The tool's high standards and the focus on the best and most scientific results — according to specific criteria — also prevent poor-quality research or even misinformation from finding its way into science communication and being disseminated.

However, the specific search settings of the tool also reproduce common biases in the scientific system and reinforce power structures. Marginalized groups and minorities thus have less chance of being heard if, for example, their papers are not even used for the results of Consensus because they have been cited too rarely. The fact that Consensus operates primarily in English and with English sources also plays a major role here. Yet, this is a general phenomenon in science, which predominantly takes place in English.

In addition to the focus on the English-speaking world, it is also clearly visible, as already mentioned, that Consensus does not cover all sciences equally, but primarily the natural and engineering sciences. When it comes to questions in the humanities, for example, the results are thinner and therefore less reliable. The database only includes digitized knowledge and therefore has numerous blank spots in research.

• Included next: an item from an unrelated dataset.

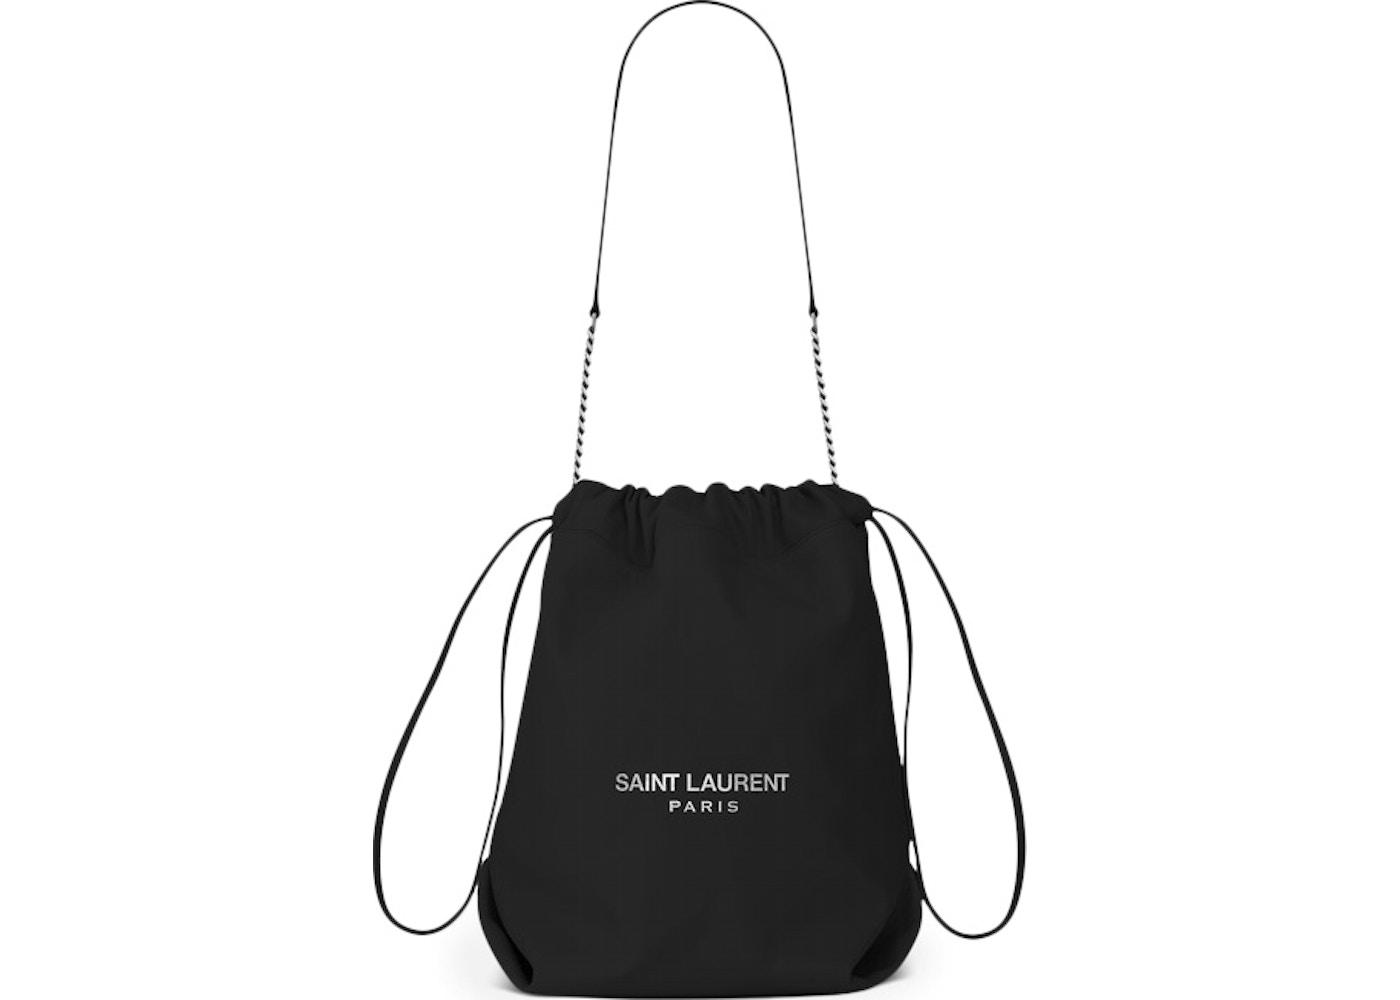 Saint Laurent Teddy Drawstring Bag Smooth Leather Black. Smooth Leather  Black 6f0dd8abb0808

This makes Consensus suitable for use in science communication, but not without restrictions and not equally for all fields of research.

Wrap Up

Consensus is a remarkable tool that enables its users to have questions answered in a scientifically sound, clear and understandable way within a very short time. It has numerous functions that provide a good overview of scientific consensus and the core content of individual research fields, making it a potential aid in everyday life for experts and non-specialists alike. However, the tool also has its limitations in that it maps individual research areas better than others, reinforces prevailing biases and power structures and is not very flexible. It remains to be seen to what extent the developers will continue to expand Consensus and whether this will lay the foundation for new scientific work together with AI.